If a sequence $(f_n)$ converges pointwise to the same function $f$ on all $\mathbb{R}$, does this imply that $(f_n)$ uniformly converges to $f$ on an interval of $\mathbb{R}$?
From what I understand, this should be false. I know from a theorem that if a sequence of functions converges uniformly to a function $f$, $f$ is continuous. However, the converse is false (I think). In other words, the fact that a sequence of functions converges to a continuous function does not guarantee that the sequence of functions is uniformly convergent.
If $(f_n)$ converges pointwise to the same function $f$ on all $\mathbb{R}$, wouldn't that simply mean that the $f$ is continuous? Using the same logic as the one in the converse of the theorem above, wouldn't that mean that the sequence of functions need not to be uniformly convergent?

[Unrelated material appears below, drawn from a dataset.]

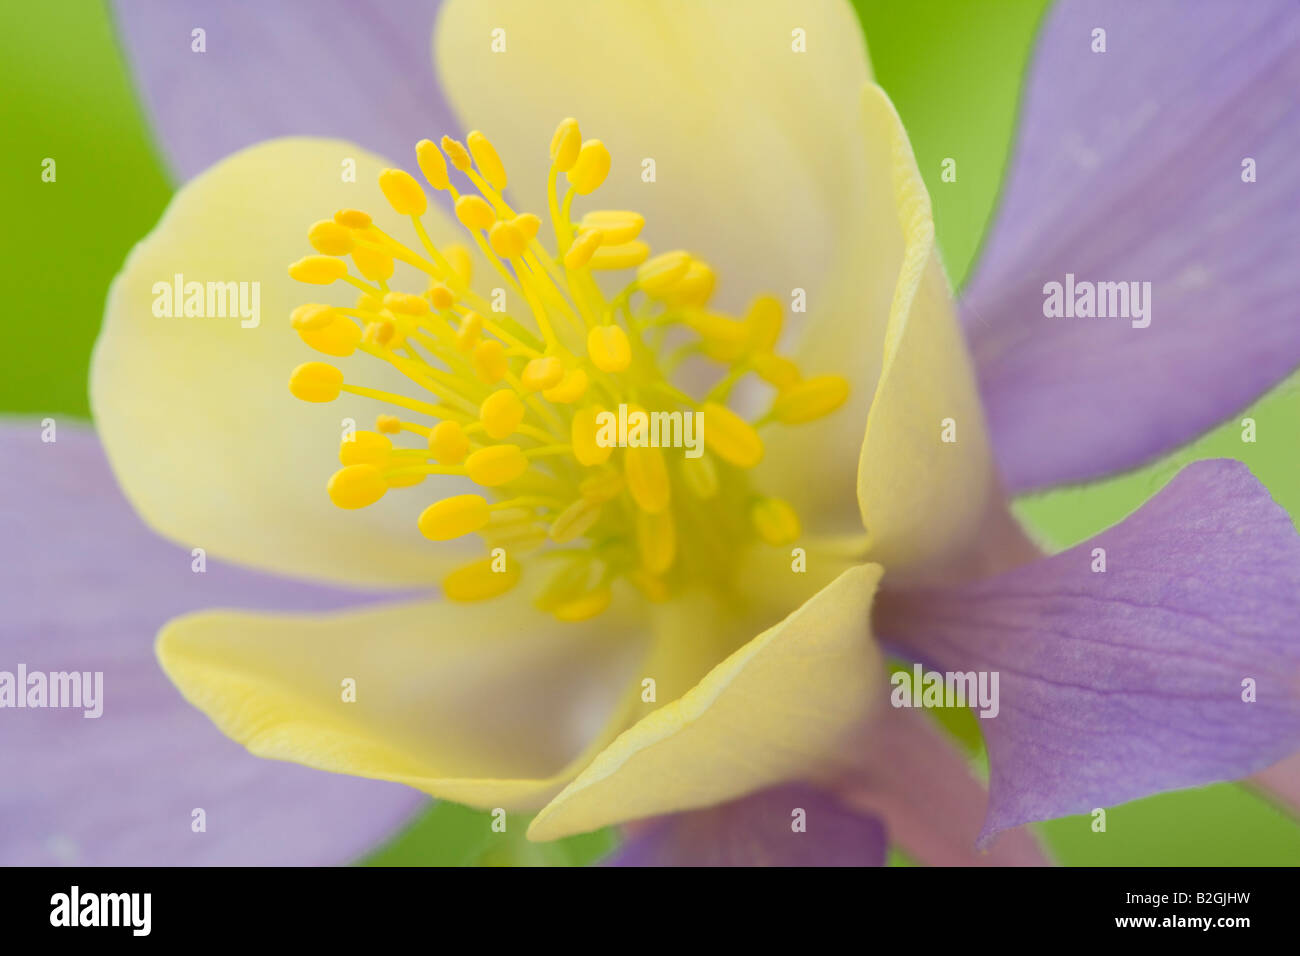 akelei aquilegia vulgaris columbine ancolie flower still stills background backgrounds patterns patterns close up - Stock Image

I am not quite sure about this though. What are some examples or information that is relevant?
Best Answer
Let $f_n = 1_{[n,\infty)}$ (that is $f_n(x) = \begin{cases} 1, & x \ge n\\0, & \text{otherwise} \end{cases}$).
Then $f_n(x) \to 0$ for all $x$, but $f_n$ does not converge to 0 uniformly.
Another example, let $g_n(x) = \begin{cases} 0, & x < 0 \\ x^n, & x \in [0,1]\\1, & x > 1 \end{cases}$. Then $g_n(x) \to g(x)$, where $g(x) = \begin{cases} 0, & x < 1 \\1, & x \ge 1 \end{cases}$, which is not continuous. Furthermore, the convergence is not uniform.